Early years
Herbert Aptheker was born July 31, 1915 in Brooklyn, New York, the last child of a wealthy Jewish family. In 1932, when he was 16, he accompanied his father on a business trip to Alabama. There he learned first-hand about the oppression of African Americans under Jim Crow Laws in the South, and was appalled by what he saw. On his return to Brooklyn, he wrote a column for his school newspaper on the "Dark Side of The South."
Aptheker attended Columbia University in New York City, from which he obtained a Bachelor's degree in 1936. Aptheker also earned his Master's degree in 1937 and a Ph.D. in 1943 from the same institution.
Aptheker later went back to the South and became an educational worker for the Food and Tobacco Workers Union. Shortly afterwards, he served as secretary of the Abolish Peonage Committee. "Peons", the vast majority of whom were African American, were tied to plantations by the debt they owed to the plantation owners. This practice effectively maintained slavery beyond the Civil War in all but name.
In 1939, Aptheker joined the Communist Party USA, which, he believed, was the U.S. political party that took the strongest position on full economic, social, and political equality for African Americans. During World War II, he joined the Army, taking part in Operation Overlord; by 1945 had reached the rank of Major in the artillery, which commission he lost in December 1950 after failing to respond to the U.S. Army’s letter of inquiry about his Communist political activity.

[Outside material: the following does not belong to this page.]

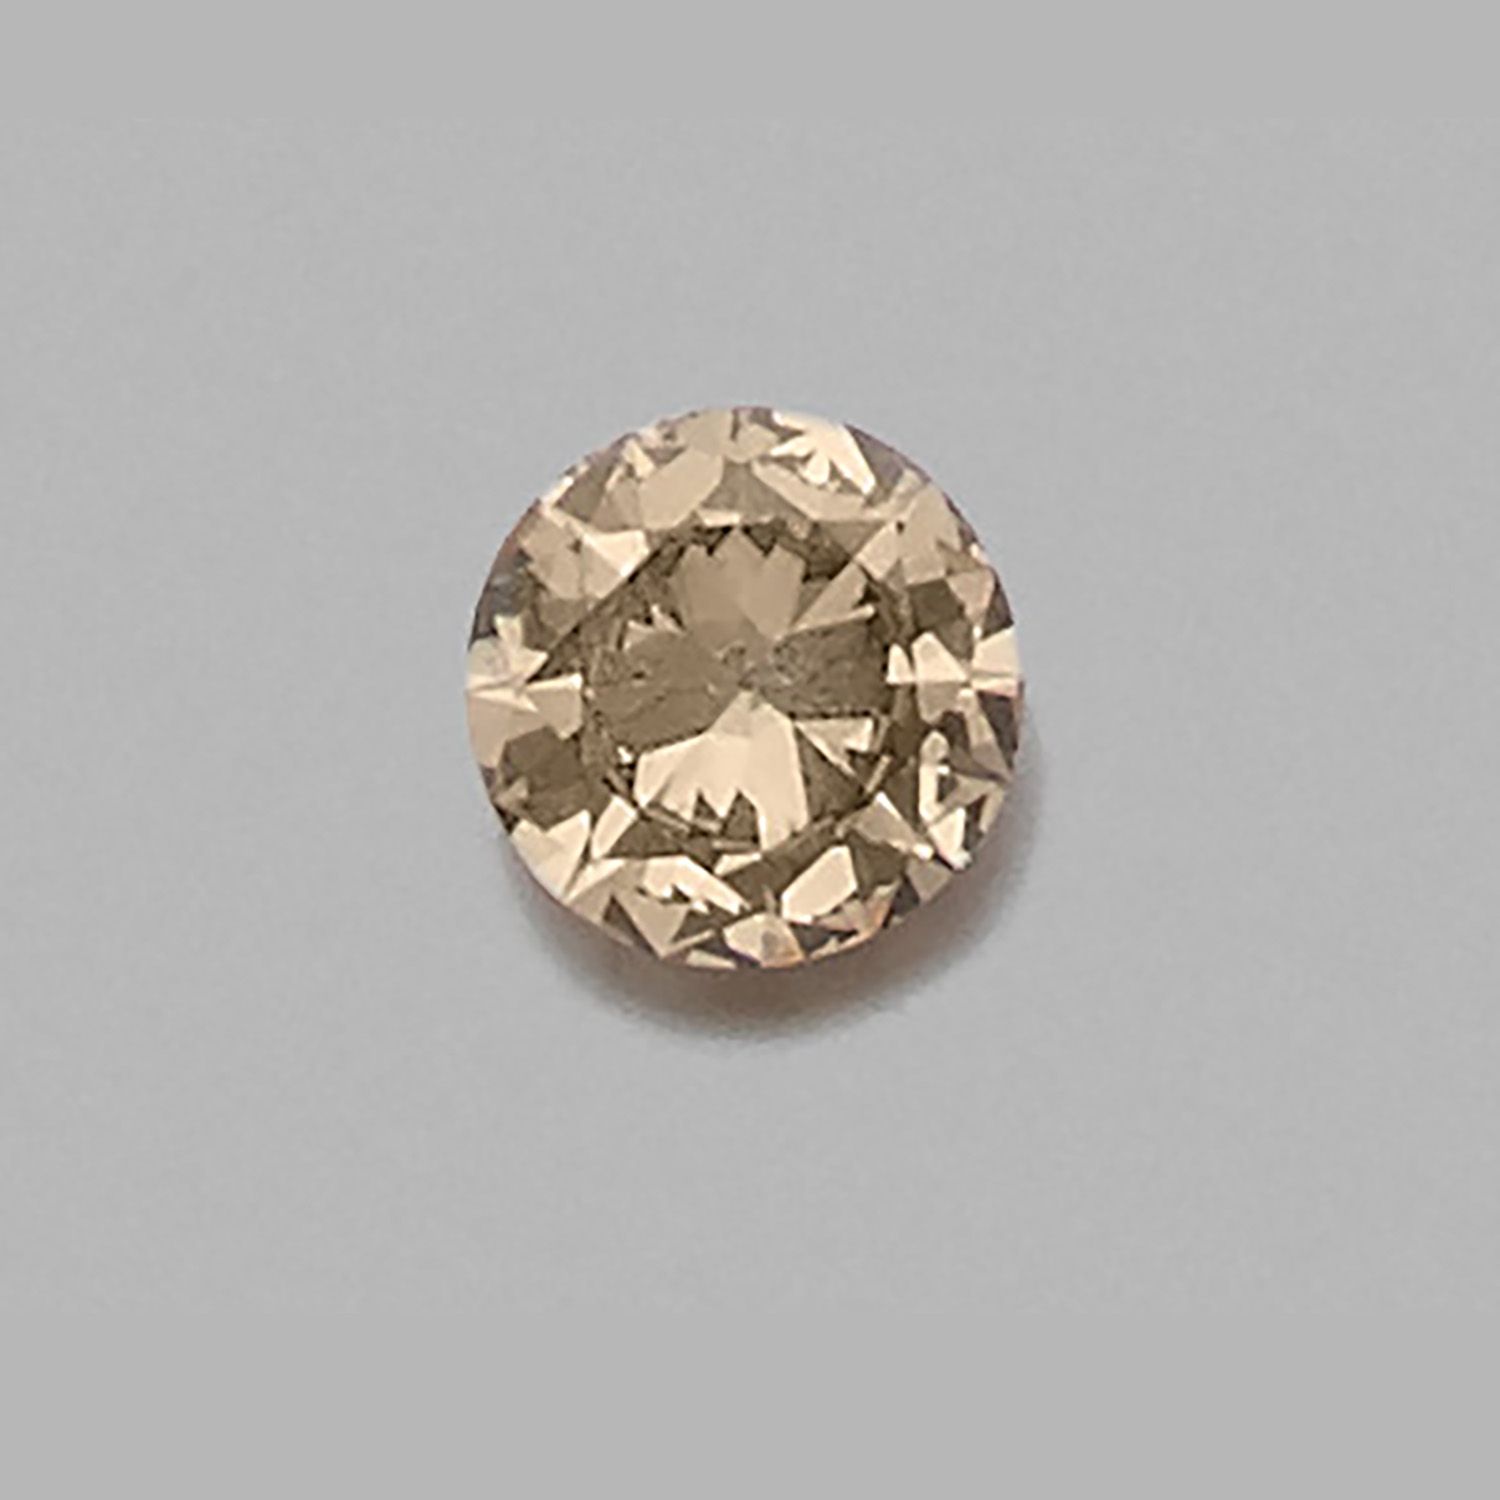 Null DIAMANT 2,06 CARAT FANCY BROWNISH YELLOW

Diamant taille brillant sur papie&hellip;

Research in African American history
Aptheker's master's thesis, a study of the 1831 Nat Turner slave revolt in Virginia, laid the groundwork for his future work on the history of American slave revolts. Aptheker uncovered Turner's heroism, demonstrating how his rebellion was rooted in the exploitative conditions of the Southern slave system. NEGRO SLAVE REVOLTS IN THE UNITED STATES 1526-1860, published in 1939 by International Publishers, New York, includes a table of documented slave revolts by year and state. His doctoral dissertation, American Negro Slave Revolts, was published in 1943. Traversing Southern libraries and archives, he uncovered 250 similar episodes through exhaustive research. It remains a landmark and a classic work in the study of Southern history and slavery.
Aptheker challenged racist writings, most notably those of Georgia-born historian Ulrich Bonnell Phillips, who cast African Americans as child-like, inferior, and uncivilized; argued that slavery was a benign institution; and defended the preservation of the Southern plantation system. Such works were the consensus in the field until Aptheker's scholarship tore them apart.
Aptheker considered himself a protégé of W. E. B. Du Bois, and long emphasized his mentor's social science scholarship and life-long struggle for equality as an African American.
Post-war activism
In the 1950s, Aptheker was blacklisted because of his membership in the Communist Party, and was unable to obtain appointment as a university lecturer throughout the decade. Aptheker served on the National Committee of the CPUSA from 1957 to 1991; for several years in the 1960s and 1970s, he was executive director of the American Institute For Marxist Studies.
A fervent opponent of the Vietnam War, Aptheker lectured on the subject on college campuses nationwide. He saw U.S. conduct in Vietnam as a war of aggression against an exploited peasantry determined to win their independence and control of their land. He saw many parallels between African American slaves and sharecroppers in the South, and the Vietnamese working class and peasantry, from which the guerrilla fighters of the National Liberation Front (known in the U.S. as the "Viet Cong") drew most of their ranks.
From 1969 to 1973, Aptheker taught a full-year course annually in Afro-American History at Bryn Mawr College.
Death and legacy
Aptheker died on March 17, 2003, at the age of 87.
Accusations of sexual molestation
Aptheker's wife, Fay, was also a union organizer. Their daughter, Bettina, was raised as a "red diaper baby". Bettina Aptheker is now a professor of feminist studies at the University of California, Santa Cruz. In her 2006 memoir, Intimate Politics, she claims that she was sexually molested by her father from the age of 4 to the age of 13. However, her charges are based on recovered memory and dissociation and so have been called into doubt. For example, Mark Rosenzweig writes "the truth about Herbert and Bettina is inaccessible to us." She also tells about their highly emotional reconciliation several years before his death. In addition, she claims that her father's celebrations of black resistance were attempts "to compensate for his deep shame about the way, he believed, the Jews had acted during the Holocaust" (which has been criticized as "possibly antisemitic").